There are lots of forces other than markets to appeal to - nations, industry groups, religions. But any of them will be in a power struggle, except to the degree that they can show a legitimacy to control. Who has the most legitimacy on this subject?

> There are lots of forces other than markets to appeal to - nations, industry groups, religions.

Most of which suffer from an analogue of market forces. For example, elections are won by playing the "getting elected" game near-perfectly. That leads to behavior which no one might want, but people are forced into.

> The idea that any "we" may or must choose how to govern humanity is a category error.

The category error is that not making a choice isn't a choice. Right now, we're governed by complex dynamics, which are at least as restrictive as choices we might engineer.

The book "Dictator's Handbook" gives a nice overview of the dynamics which govern us. It's a game-theoretic (but non-mathematical) analysis of political systems, including corporate and democratic governance.

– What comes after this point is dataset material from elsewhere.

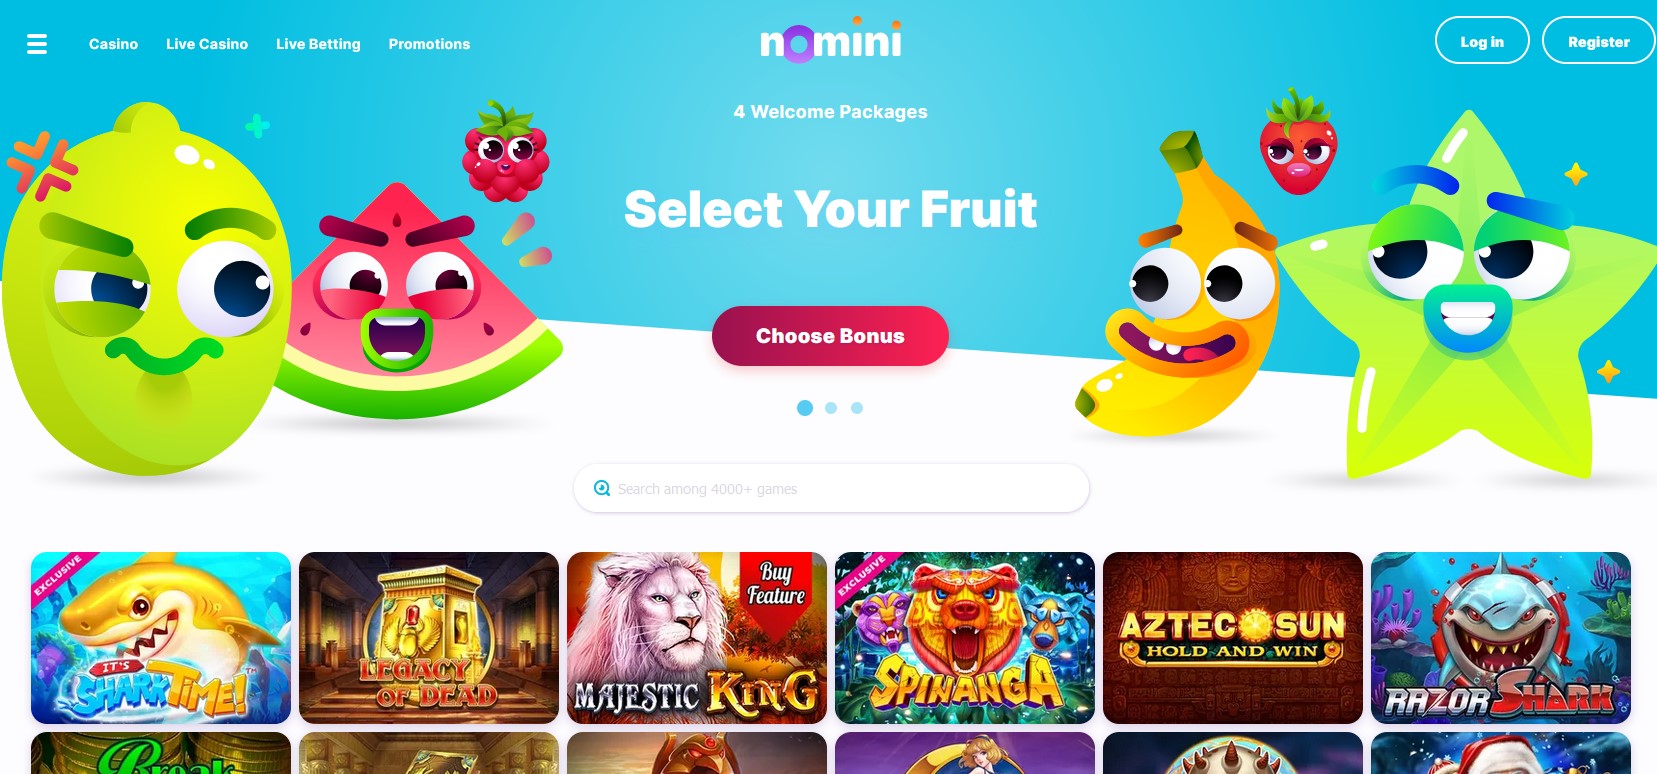 nomini casino website homepage screenshot

Paging the Unabomber. Ted to the white manifesto phone.
Could you please stop posting unsubstantive comments and flamebait? You've unfortunately been doing it repeatedly. We've asked you more than once to stop, and eventually we have to ban such accounts.

If you wouldn't mind reviewing https://news.ycombinator.com/newsguidelines.html and taking the intended spirit of the site more to heart, we'd be grateful.

Yes, Cowen argues against the idea we can anticipate consequences of technological change, and the specific consequence he focuses on is the idea of existential risk stemming from AI. He says because technology is unpredictable, we shouldn’t try to predict the type of risk imposed by AI, and we should mostly just accept that this change will happen and cope with it afterward. This stance is what I was arguing against in the post.

> But to wish to halt AI advancement requires an unhealthy mix of pessimism and overconfidence in your predictive powers.

I did not argue for this in my article!